3.3. Euclidean distance

Euclidean, or surface normal, distances were calculated in 3D between the segmentations and PMAPmean. Signed distance maps for PMAPmean were pregenerated using an implementation of the algorithm proposed by Maurer et al. (2003) and then evaluated at the contour points of the automatic and physician segmentations. In Figure 7 the distances are signed to differentiate a contour point lying inside from a point outside PMAPmean. Table 2 provides the minimum (furthest inside), mean, and maximum (furthest outside) distances for each structure averaged over the 20 patients. When the distance distribution is decomposed by structure, all raters had a mean distance between 0 and +2 mm except for P2’s segmentation of the chiasm, which on average was 3 mm from the simulated ground truth. The average maximum distances (inside and outside) across the 20 cases ranged from −to +5.4 mm (inside and outside) for the automatic segmentations.
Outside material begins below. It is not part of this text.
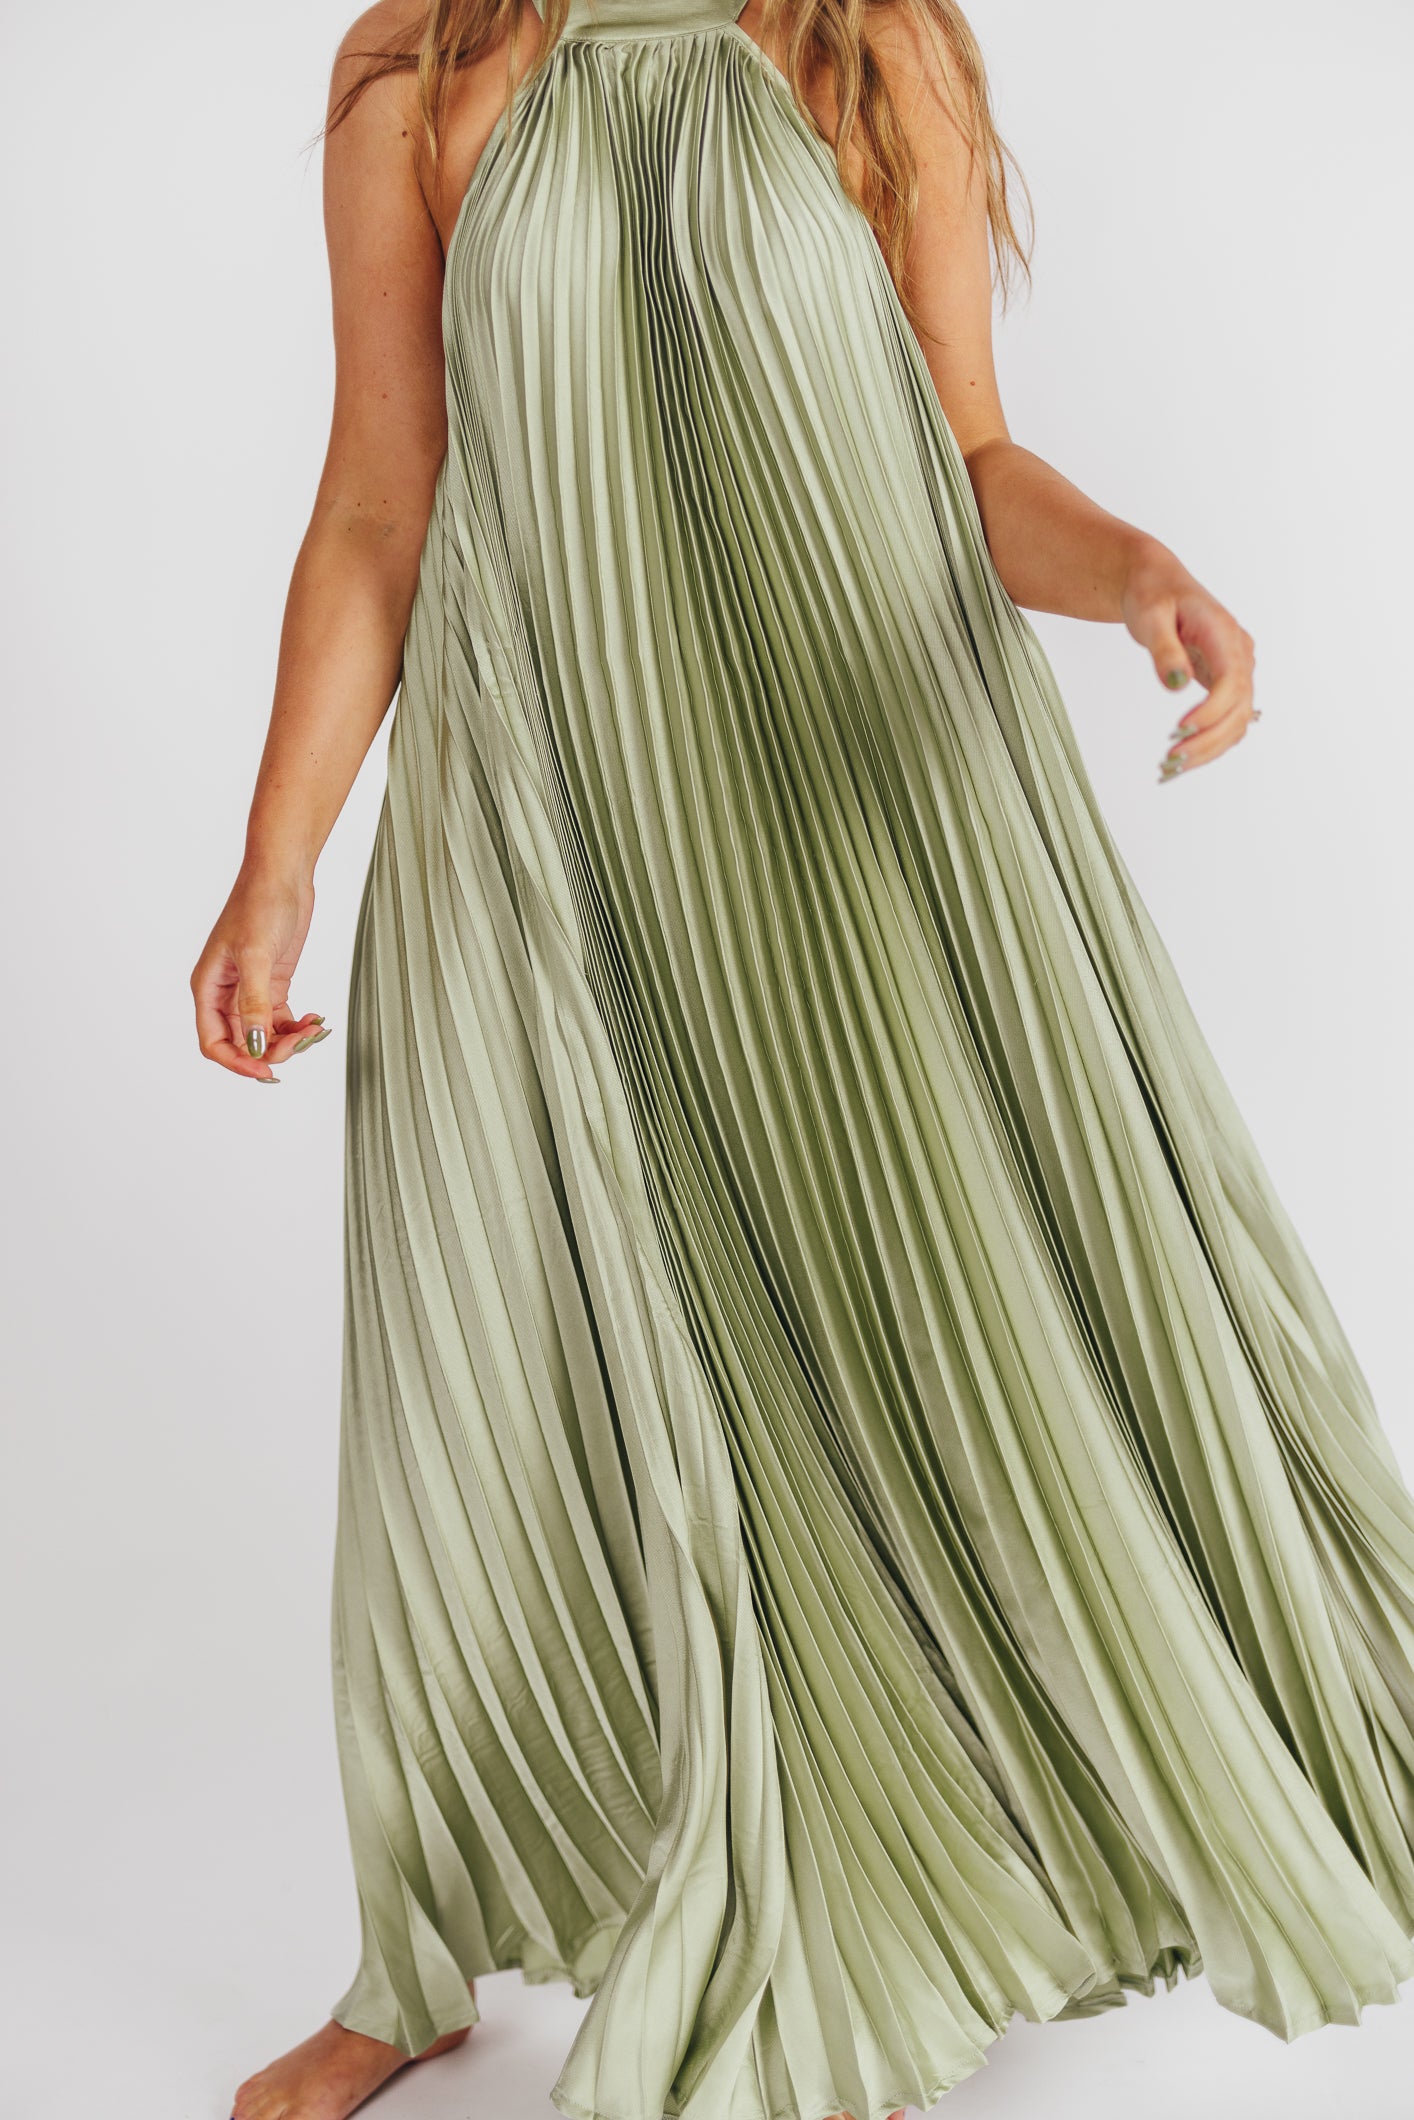 Maren Pleated Halter Maxi Dress in Sage - Bump Friendly (S-XL) Almost Sold Out!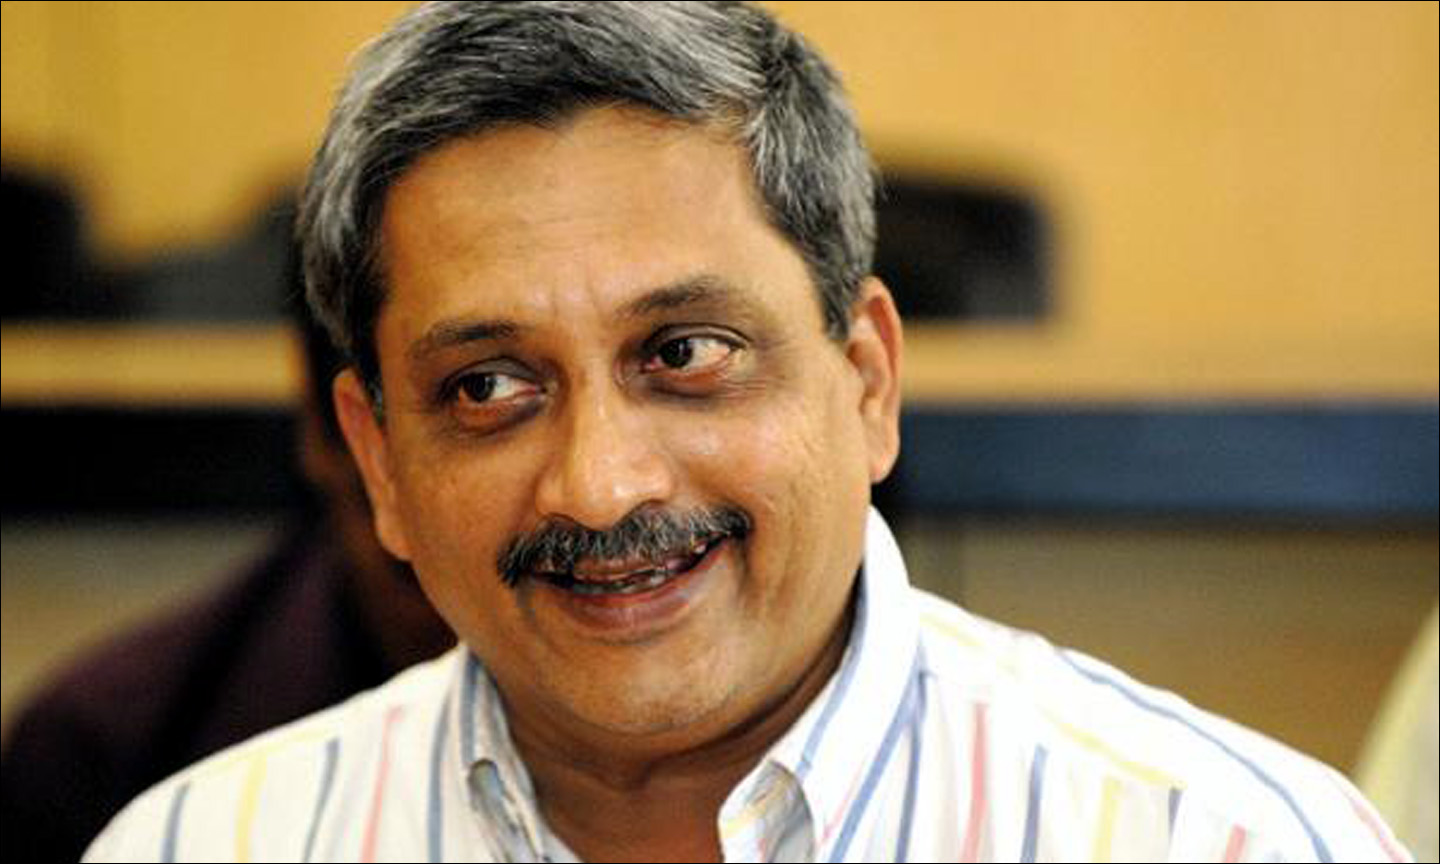 Opposition slams Parrikar’s ‘irresponsible’ comments on ‘No First Use’

The same for individual physicians ranged from −5.8 to +10.8, and when physicians are considered as a group, −3.9 to +7.5 mm.

Table 2.

Distances [mm] to PMAPmean simulated ground truth for each rater or rater group. The positive direction is outward looking from the ground truth while the negative direction is inward looking.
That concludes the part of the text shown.